PROBLEM DESCRIPTION
Although the records contain pictures, print none of them; print exactly the lines from the one with "BUSTA BT05: RISVEGLIO DELLE LAME GEMELLE" through the last line.

DATA SUPPLIED
[Start of Attachment]
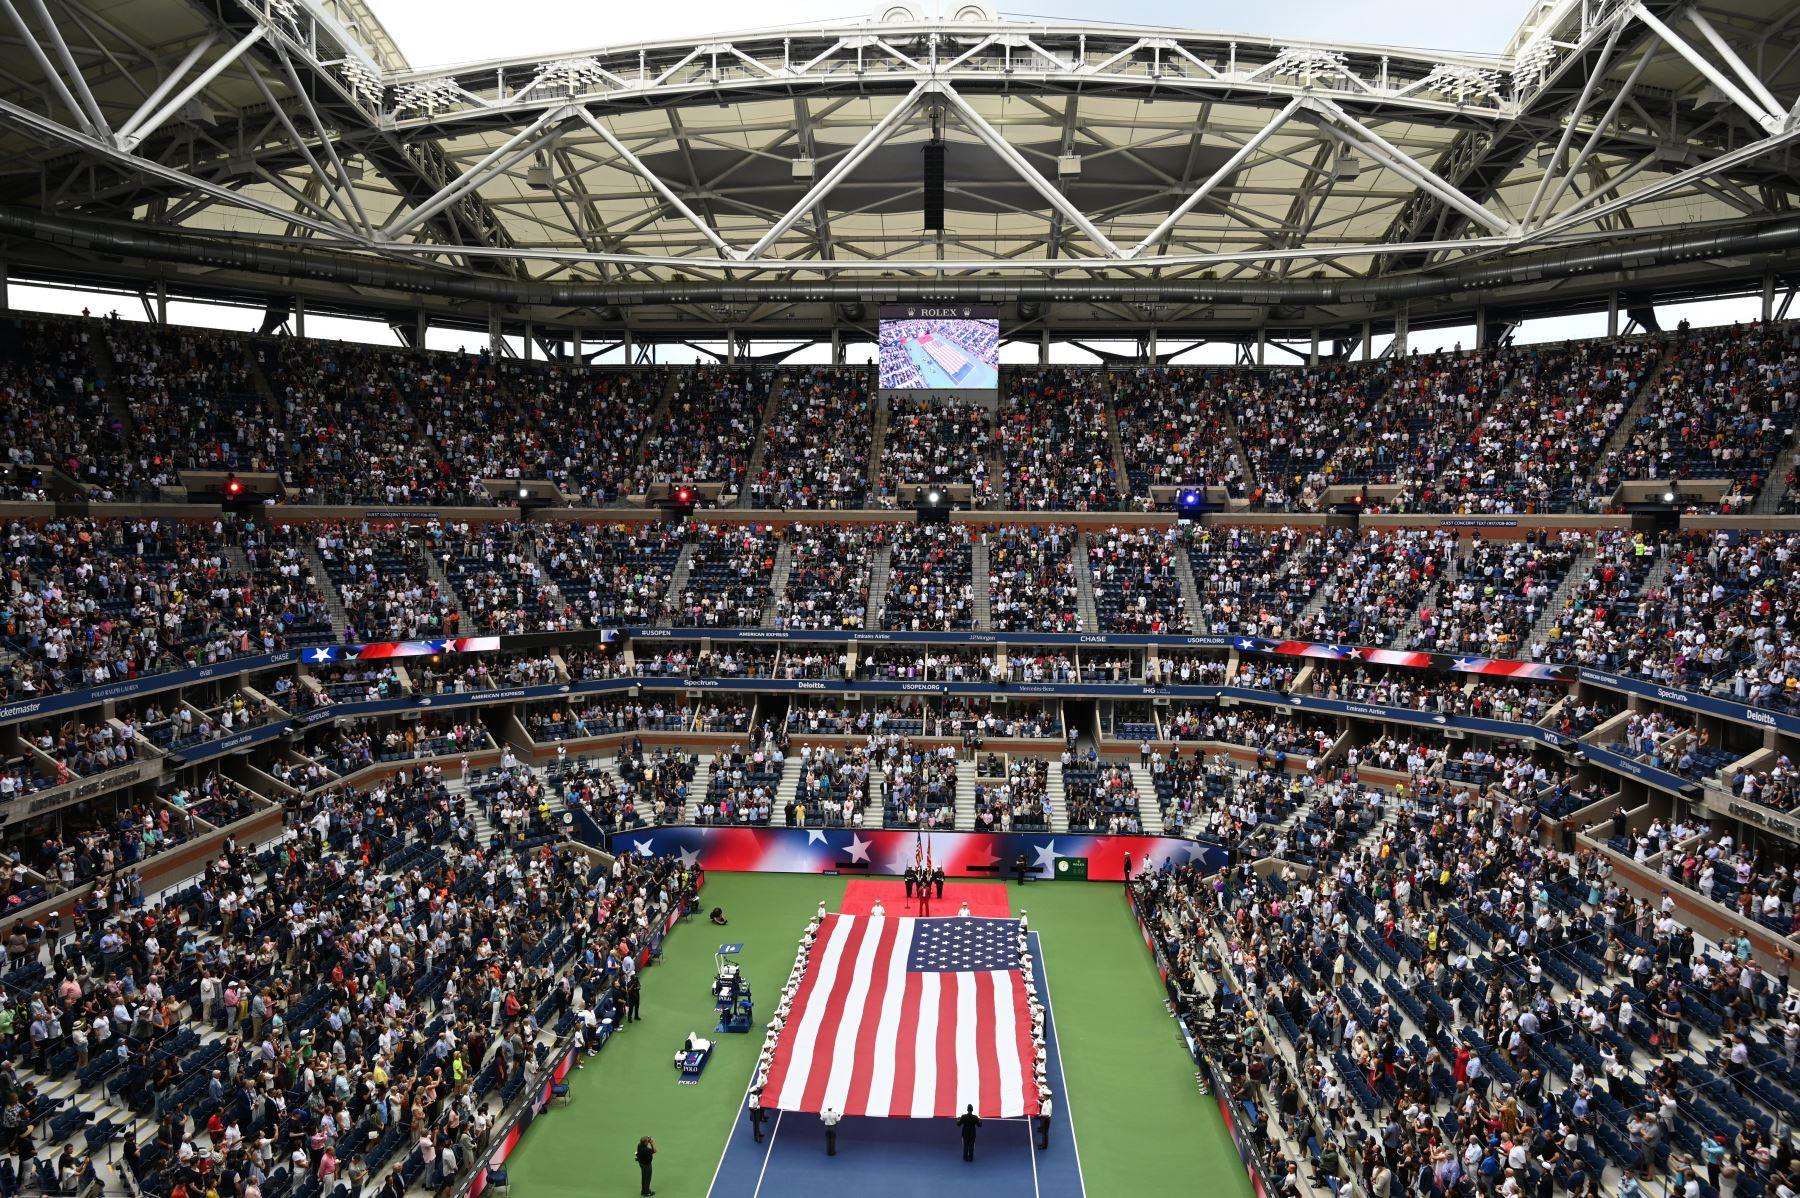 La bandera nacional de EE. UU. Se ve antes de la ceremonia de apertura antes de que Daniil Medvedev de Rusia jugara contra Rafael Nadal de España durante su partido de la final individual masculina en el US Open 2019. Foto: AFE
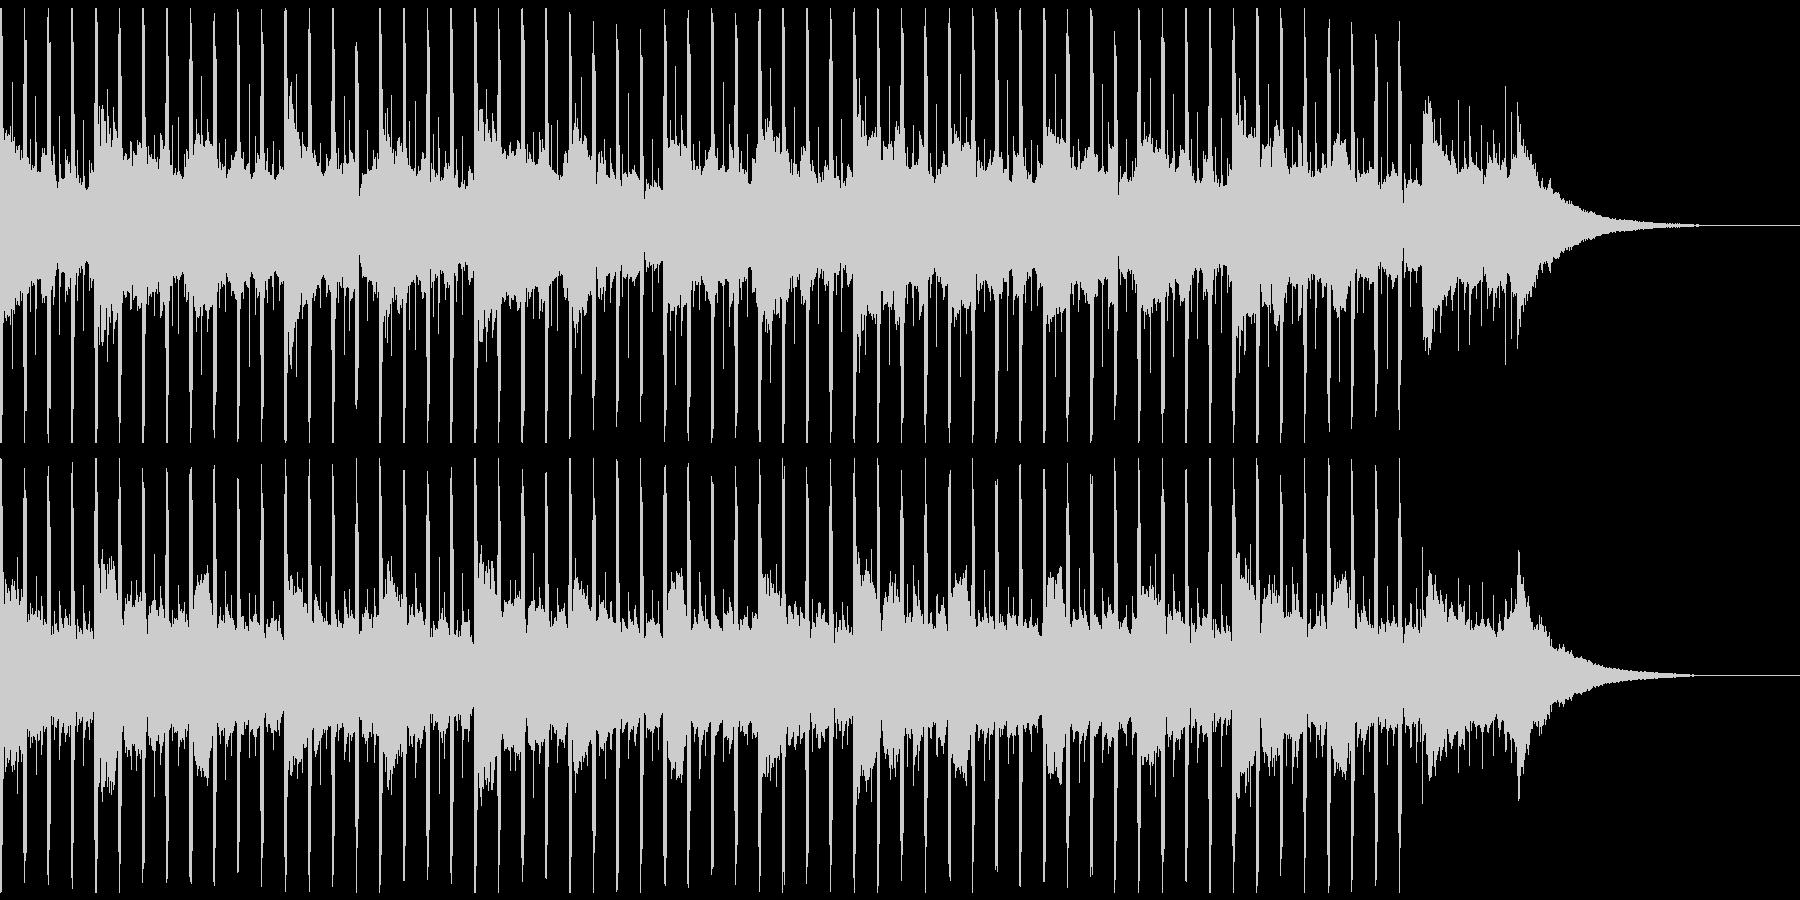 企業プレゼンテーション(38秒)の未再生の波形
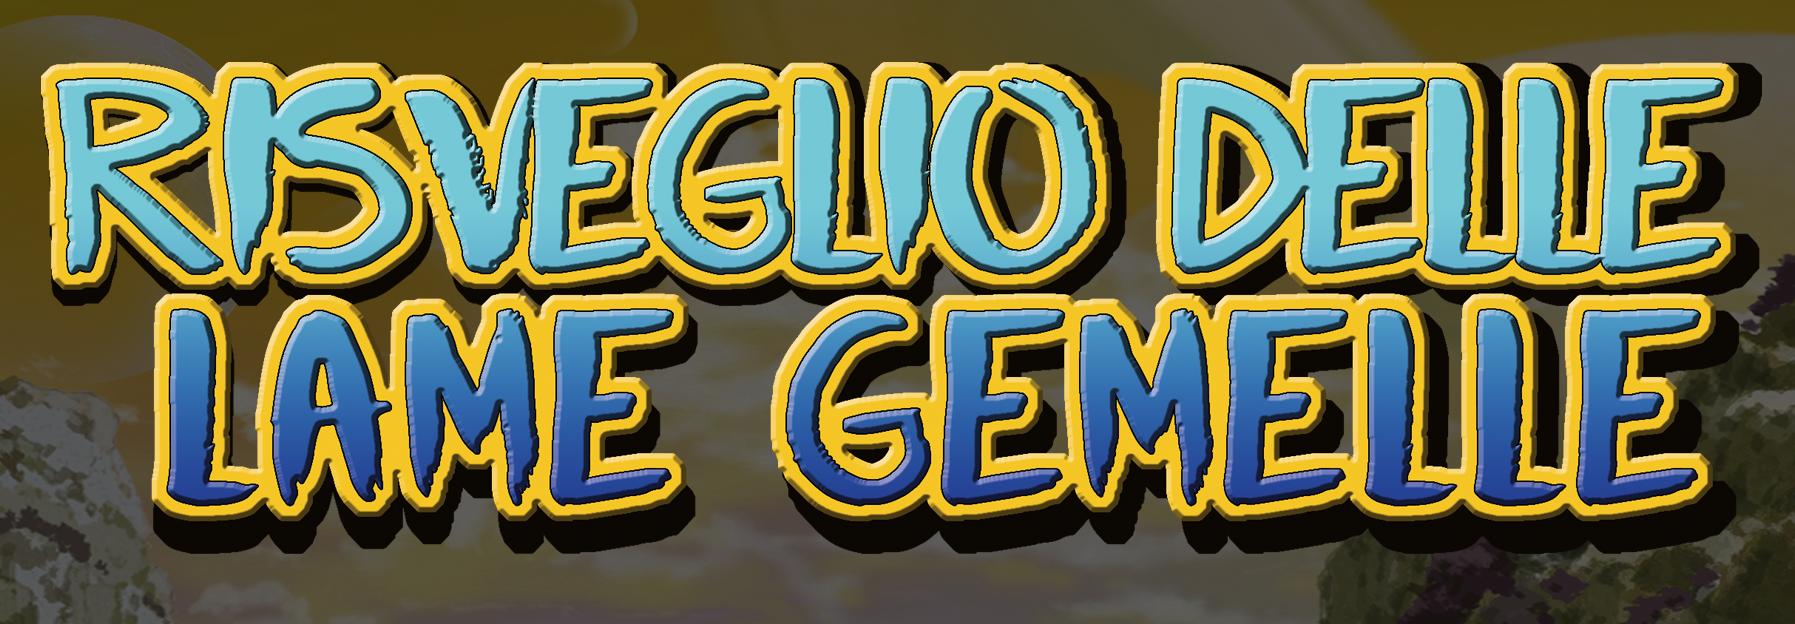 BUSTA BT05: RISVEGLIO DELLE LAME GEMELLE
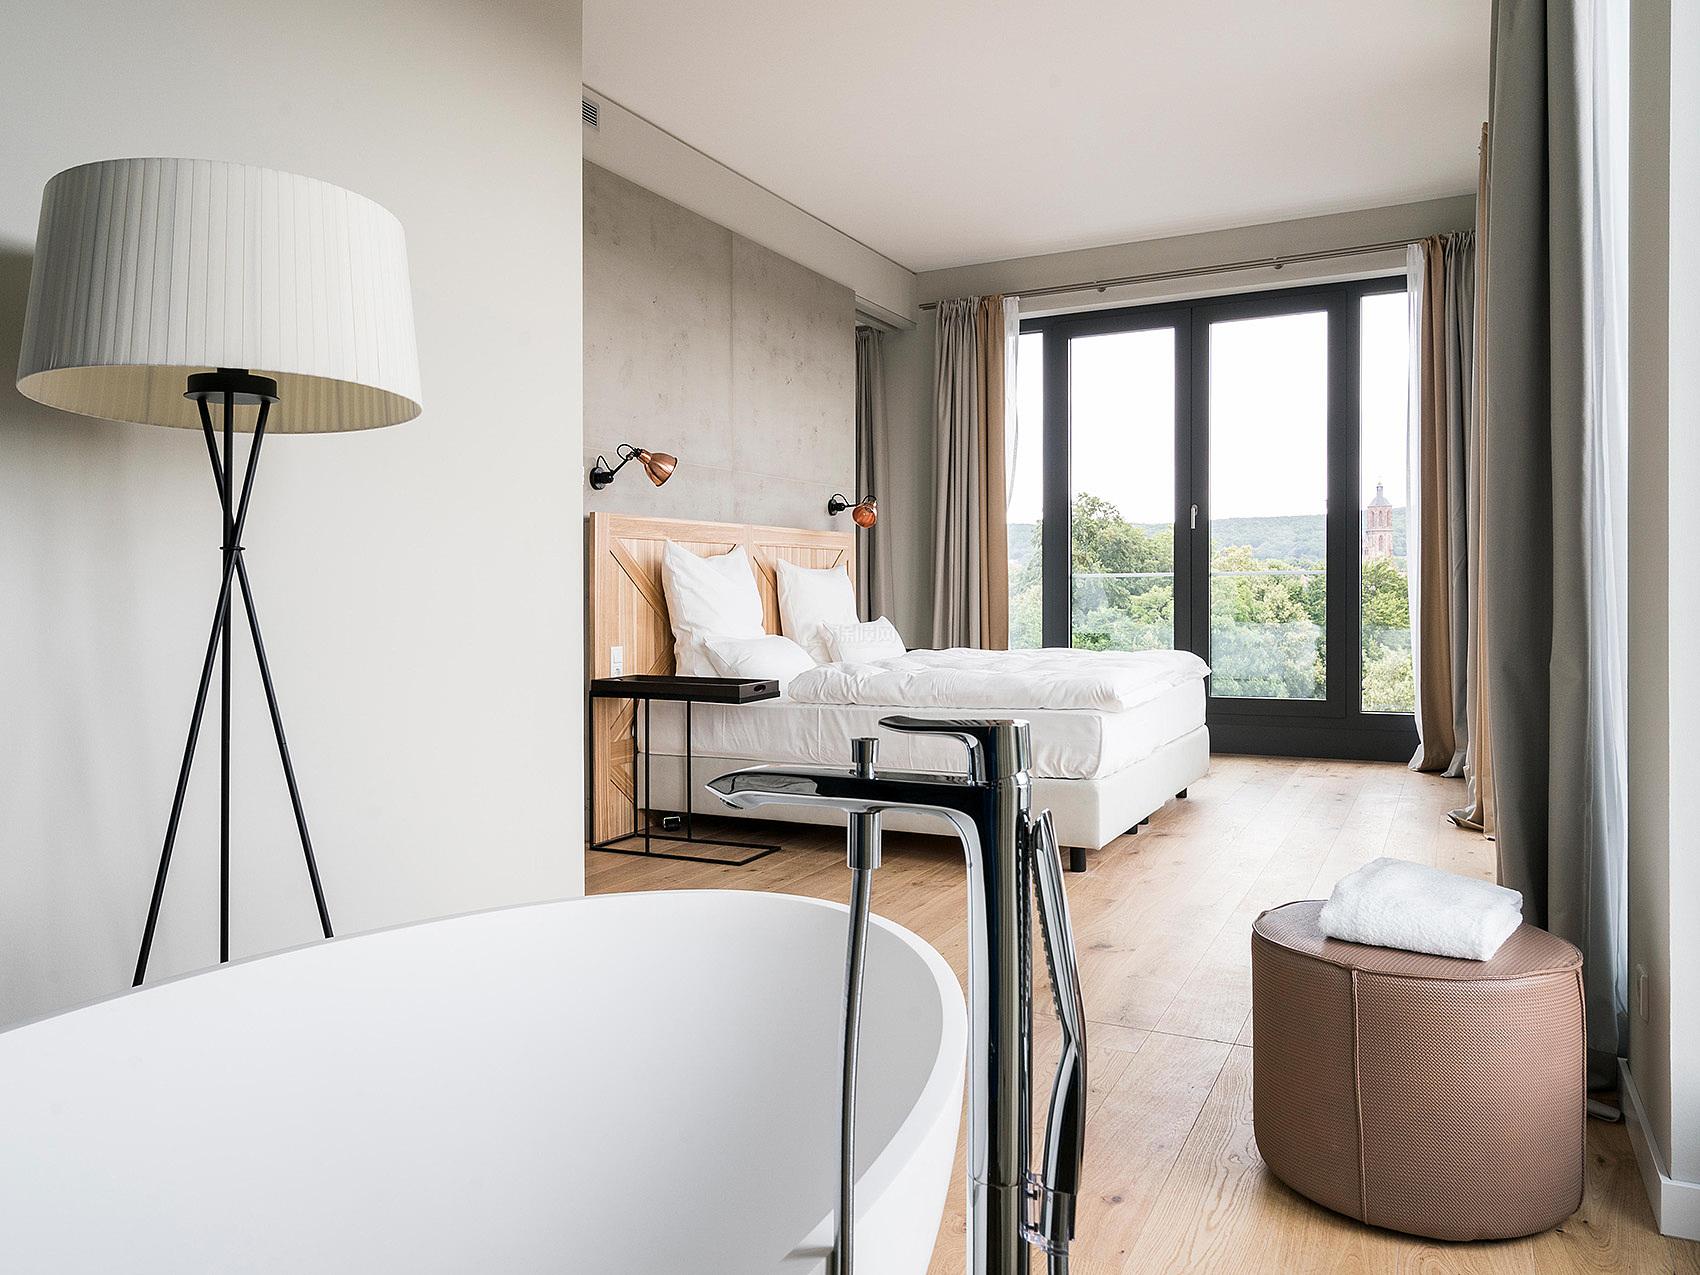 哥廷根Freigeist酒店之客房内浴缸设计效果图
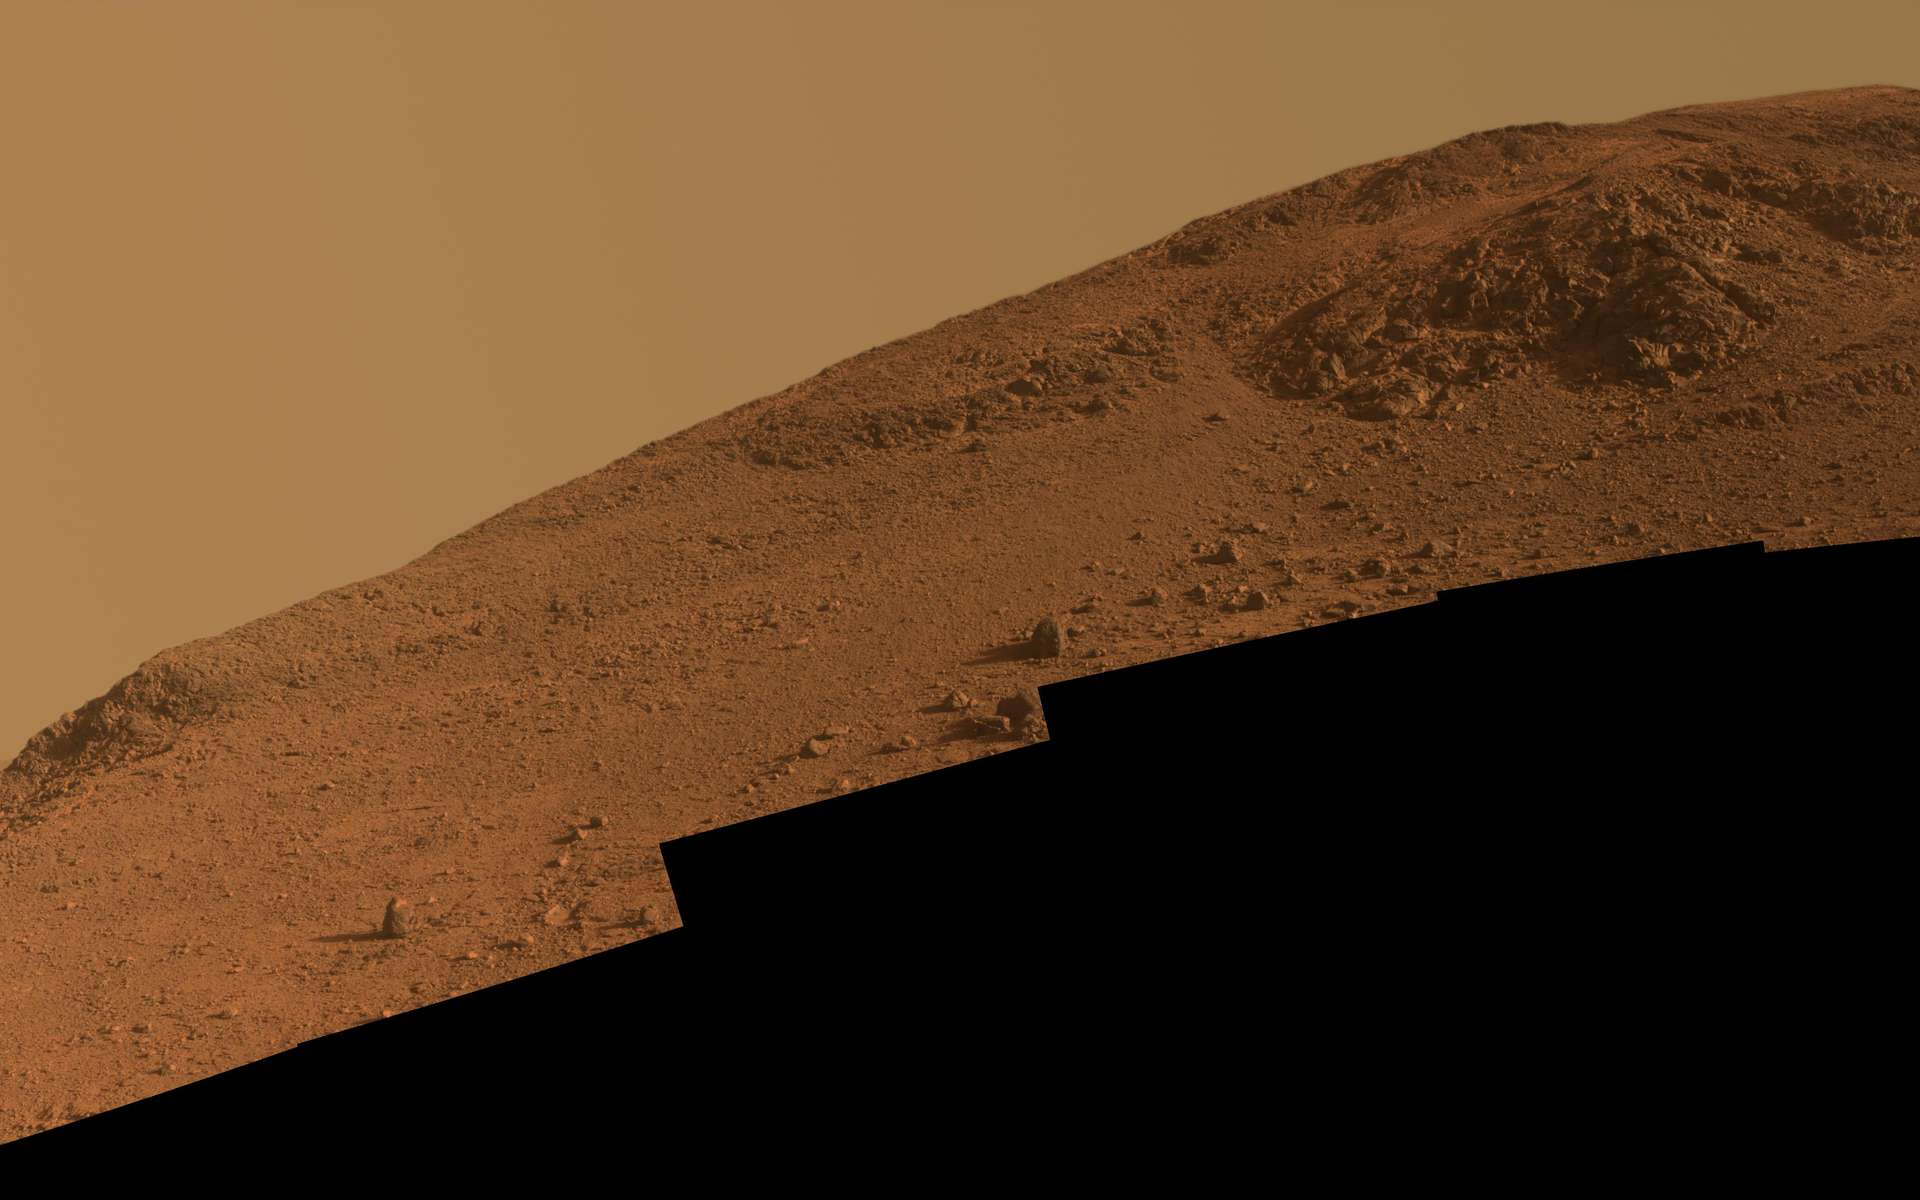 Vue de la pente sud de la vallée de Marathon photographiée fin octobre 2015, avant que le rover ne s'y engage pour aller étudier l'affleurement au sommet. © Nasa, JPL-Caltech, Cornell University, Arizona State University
[End of Attachment]
ANSWER BOX
 BUSTA BT05: RISVEGLIO DELLE LAME GEMELLE
 哥廷根Freigeist酒店之客房内浴缸设计效果图
 Vue de la pente sud de la vallée de Marathon photographiée fin octobre 2015, avant que le rover ne s'y engage pour aller étudier l'affleurement au sommet. © Nasa, JPL-Caltech, Cornell University, Arizona State University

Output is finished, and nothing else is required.